I build AI systems on the Claude API. I am certified across nine Anthropic courses. That is my bias, and I am stating it upfront. But if you build things with AI, you need to understand what just shipped, because this model moves several benchmarks meaningfully forward, and it changes the competitive picture in ways that matter for production decisions.

82.7%

Terminal-Bench 2.0

Context tokens

Price vs GPT 5.4

85.0%

ARC-AGI-2

What is GPT 5.5

GPT 5.5 is OpenAI's new flagship. It is a fully retrained base model, not an incremental update on top of GPT 5.4. The key specs:

1 million token context window. Up from GPT 5.4's context limit. This puts it in the same territory as Gemini's long-context models.
New base architecture. OpenAI has not disclosed full details, but the retraining from scratch means this is not the same foundation as GPT-4.5 with more RLHF on top. Different weights, different training distribution.
Agentic coding focus. The model was optimised for multi-step, tool-using agent workflows. OpenAI's own Codex platform runs on it.
Multimodal reasoning. Improved performance on vision-language tasks, spatial reasoning (OSWorld), and scientific benchmarks.

OpenAI positions this as their "most capable model ever." That claim checks out on several benchmarks. It does not check out on all of them.

What actually changed

The best way to understand what GPT 5.5 can do is to look at the demo footage. The launch showcased several capabilities that go beyond what GPT 5.4 could handle.

GPT 5.5 review covering benchmarks, demos, and real-world capabilities.

Agentic coding demos. OpenAI showed GPT 5.5 working inside Codex on multi-file, multi-step coding tasks. The model plans before it writes, creates and runs tests, and iterates on failures. The Terminal-Bench 2.0 score (82.7%) reflects this. For context, GPT 5.4 scored 75.1% on the same benchmark and Opus 4.7 scores 69.4%.

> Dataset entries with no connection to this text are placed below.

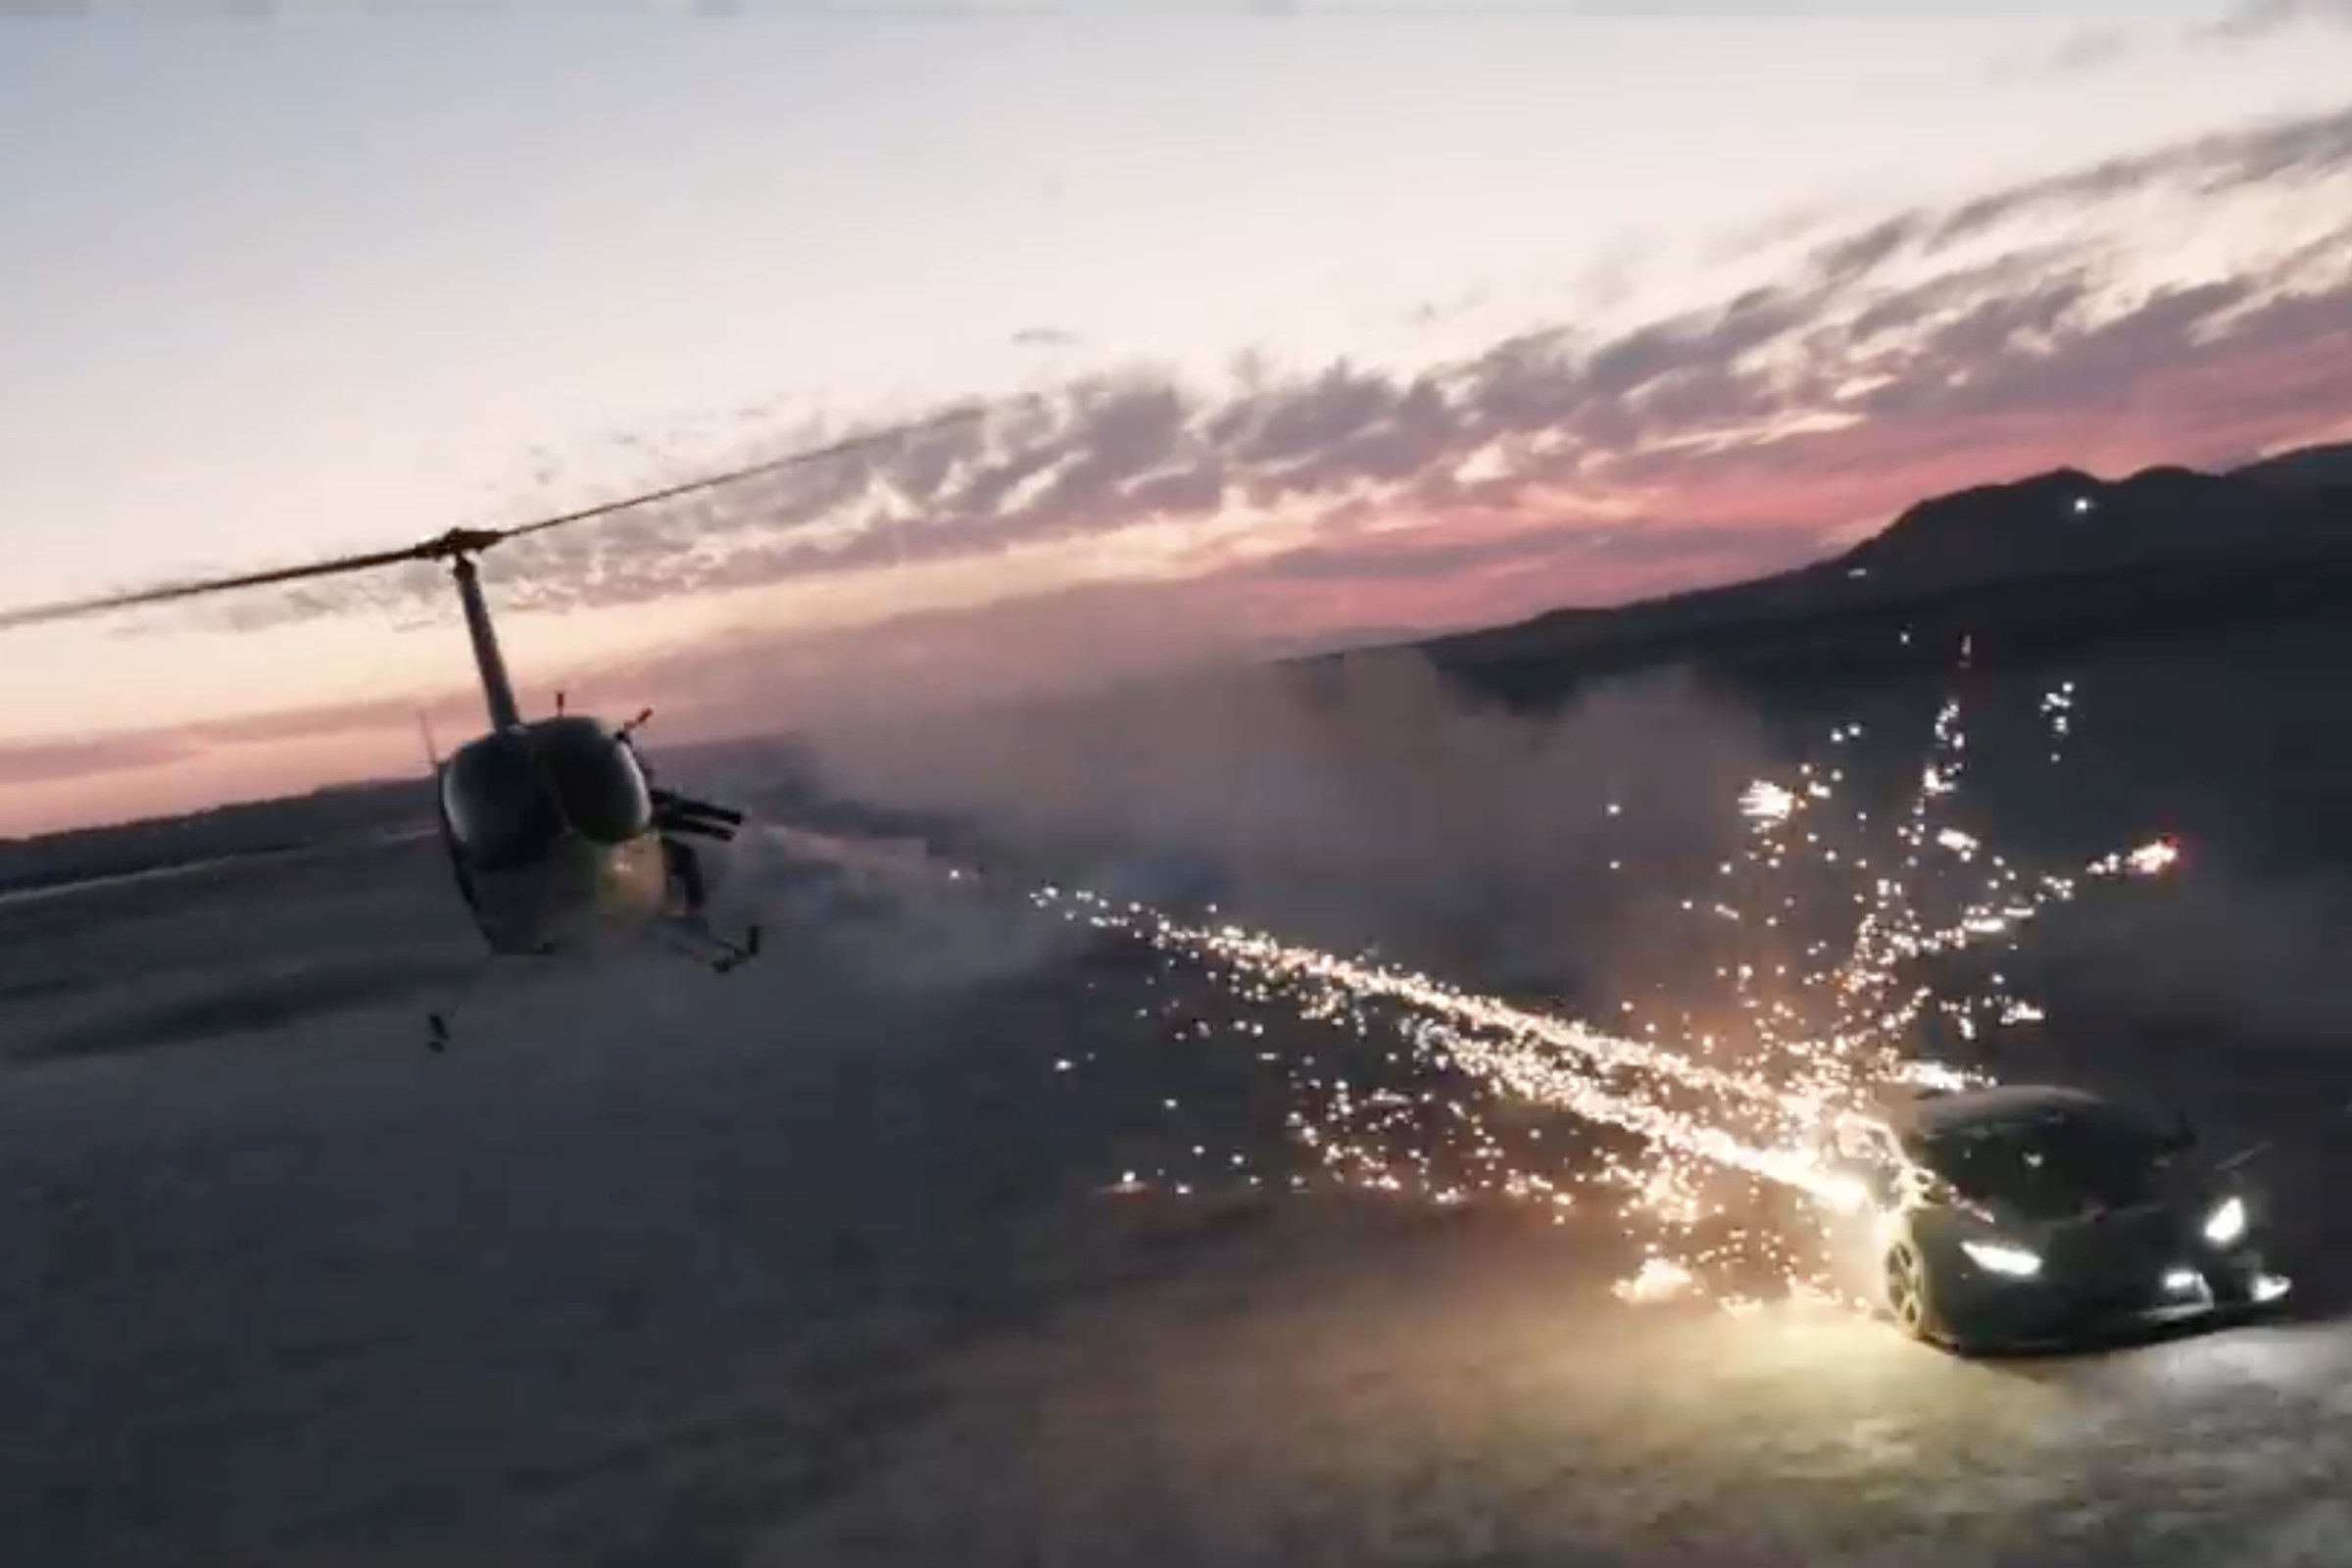 A screenshot from Alex Choi’s video showing a helicopter shooting fireworks at a Lamborghini.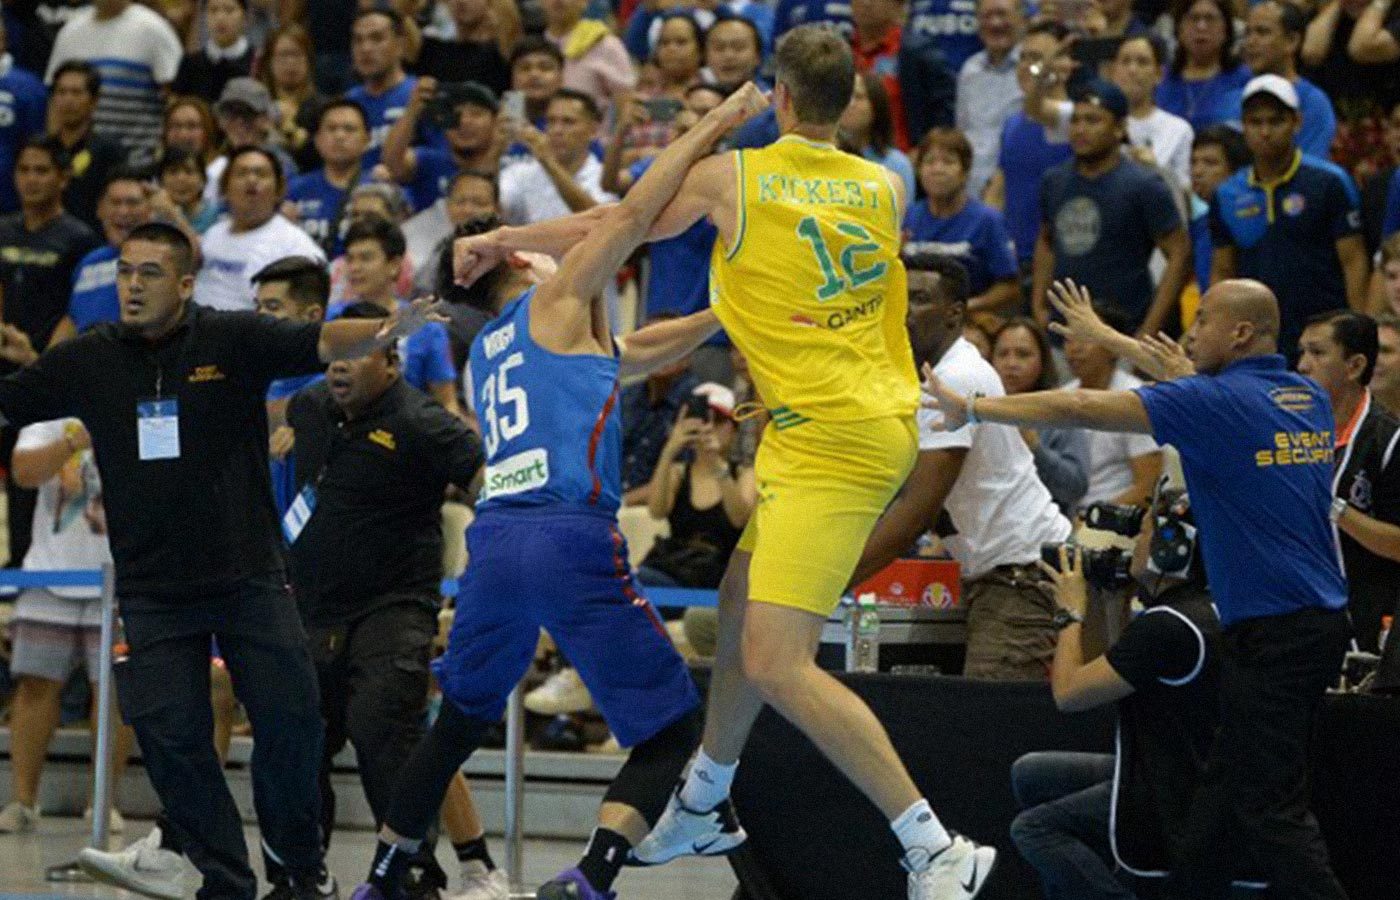 EMBARRASSING. The Philippine and Australian basketball officials apologize for the incident that brought disgrace to the sport. Photo by Ted Aljibe/AFP 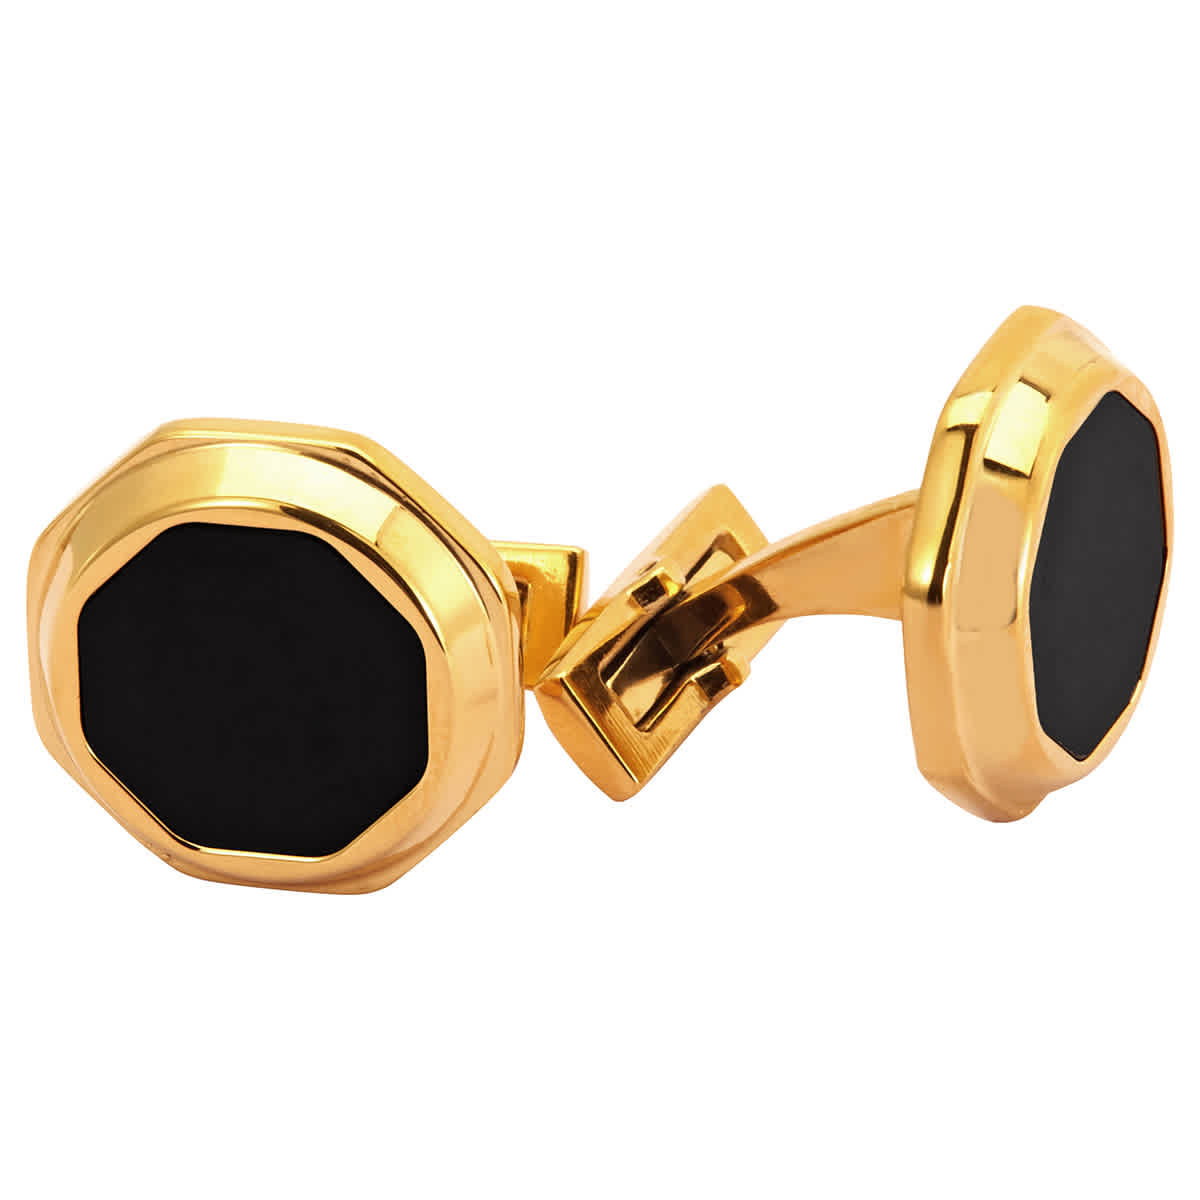 Picasso And Co 18kt Yellow Gold Plated Cufflinks In Black,gold Tone,yellow

Deep research. The model demonstrated extended research sessions where it browses the web, synthesises multiple sources, and produces structured reports. This is not new in concept (Perplexity, Gemini Deep Research), but the depth and accuracy shown in the demos were notable.

Medical reasoning. OpenAI highlighted cancer detection results: 3 out of 4 cancer cases correctly identified in a diagnostic task. The brain tumour results were less impressive (0 out of 6). These are cherry-picked demo numbers, not peer-reviewed benchmarks, so treat them accordingly. But the direction is clear: OpenAI is pushing into specialised reasoning domains.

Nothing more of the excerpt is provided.